**How to complete this task:** Go over the listing below line by line, and return each one holding the string "illustration".

**Provided records:**

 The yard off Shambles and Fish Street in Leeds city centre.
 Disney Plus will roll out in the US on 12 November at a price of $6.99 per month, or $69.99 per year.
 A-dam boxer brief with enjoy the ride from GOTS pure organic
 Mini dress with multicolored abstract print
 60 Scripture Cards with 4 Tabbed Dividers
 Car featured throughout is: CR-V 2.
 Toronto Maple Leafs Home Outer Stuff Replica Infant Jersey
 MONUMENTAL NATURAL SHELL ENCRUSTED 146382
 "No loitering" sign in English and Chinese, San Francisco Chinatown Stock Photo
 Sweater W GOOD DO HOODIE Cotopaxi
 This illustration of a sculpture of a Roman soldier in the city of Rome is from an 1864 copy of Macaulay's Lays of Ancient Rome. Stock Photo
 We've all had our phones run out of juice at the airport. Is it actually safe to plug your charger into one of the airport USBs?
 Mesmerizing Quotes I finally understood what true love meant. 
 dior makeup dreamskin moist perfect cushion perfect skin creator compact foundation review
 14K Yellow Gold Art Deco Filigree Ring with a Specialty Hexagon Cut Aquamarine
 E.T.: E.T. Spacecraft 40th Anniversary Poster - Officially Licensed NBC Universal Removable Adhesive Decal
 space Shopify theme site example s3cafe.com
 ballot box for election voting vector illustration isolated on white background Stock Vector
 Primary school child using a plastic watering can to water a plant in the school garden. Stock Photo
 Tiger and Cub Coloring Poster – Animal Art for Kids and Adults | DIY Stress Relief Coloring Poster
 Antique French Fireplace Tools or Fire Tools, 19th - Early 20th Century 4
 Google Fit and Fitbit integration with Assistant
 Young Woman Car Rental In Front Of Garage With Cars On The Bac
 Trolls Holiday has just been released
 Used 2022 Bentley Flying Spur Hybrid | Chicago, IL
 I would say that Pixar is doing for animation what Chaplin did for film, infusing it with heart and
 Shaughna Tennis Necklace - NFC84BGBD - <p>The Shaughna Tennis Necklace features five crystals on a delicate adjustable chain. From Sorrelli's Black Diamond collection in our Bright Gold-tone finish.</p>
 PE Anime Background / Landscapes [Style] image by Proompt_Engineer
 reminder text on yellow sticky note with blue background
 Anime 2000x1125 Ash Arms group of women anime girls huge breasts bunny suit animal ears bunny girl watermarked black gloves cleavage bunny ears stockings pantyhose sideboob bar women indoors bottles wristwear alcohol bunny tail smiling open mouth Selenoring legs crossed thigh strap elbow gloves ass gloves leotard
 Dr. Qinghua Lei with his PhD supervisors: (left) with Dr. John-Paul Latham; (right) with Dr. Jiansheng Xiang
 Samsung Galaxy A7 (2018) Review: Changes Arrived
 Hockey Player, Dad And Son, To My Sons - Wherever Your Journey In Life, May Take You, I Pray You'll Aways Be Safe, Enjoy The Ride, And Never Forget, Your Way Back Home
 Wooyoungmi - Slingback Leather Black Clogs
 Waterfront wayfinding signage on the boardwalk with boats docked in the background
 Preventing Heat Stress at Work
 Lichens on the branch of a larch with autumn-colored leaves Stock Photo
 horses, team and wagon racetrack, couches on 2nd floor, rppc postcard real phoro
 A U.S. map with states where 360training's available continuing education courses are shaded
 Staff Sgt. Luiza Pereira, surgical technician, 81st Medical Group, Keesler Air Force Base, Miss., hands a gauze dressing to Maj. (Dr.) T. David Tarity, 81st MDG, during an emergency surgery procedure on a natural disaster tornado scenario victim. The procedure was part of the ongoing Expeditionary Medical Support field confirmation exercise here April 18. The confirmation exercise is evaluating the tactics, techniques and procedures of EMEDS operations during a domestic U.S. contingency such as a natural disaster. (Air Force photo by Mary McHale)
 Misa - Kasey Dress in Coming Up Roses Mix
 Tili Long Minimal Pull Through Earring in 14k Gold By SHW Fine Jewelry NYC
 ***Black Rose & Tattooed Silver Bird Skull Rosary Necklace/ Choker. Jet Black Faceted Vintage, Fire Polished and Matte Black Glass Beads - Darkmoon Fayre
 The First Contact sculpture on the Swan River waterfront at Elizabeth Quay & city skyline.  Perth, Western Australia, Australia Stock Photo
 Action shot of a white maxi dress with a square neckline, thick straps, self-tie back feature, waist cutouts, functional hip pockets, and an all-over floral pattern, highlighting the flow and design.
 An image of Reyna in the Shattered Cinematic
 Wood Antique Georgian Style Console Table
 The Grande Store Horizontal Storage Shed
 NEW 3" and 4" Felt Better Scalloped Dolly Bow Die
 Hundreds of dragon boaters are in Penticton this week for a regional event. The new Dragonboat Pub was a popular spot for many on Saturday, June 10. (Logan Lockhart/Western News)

**Exercise output:**
 This illustration of a sculpture of a Roman soldier in the city of Rome is from an 1864 copy of Macaulay's Lays of Ancient Rome. Stock Photo
 ballot box for election voting vector illustration isolated on white background Stock Vector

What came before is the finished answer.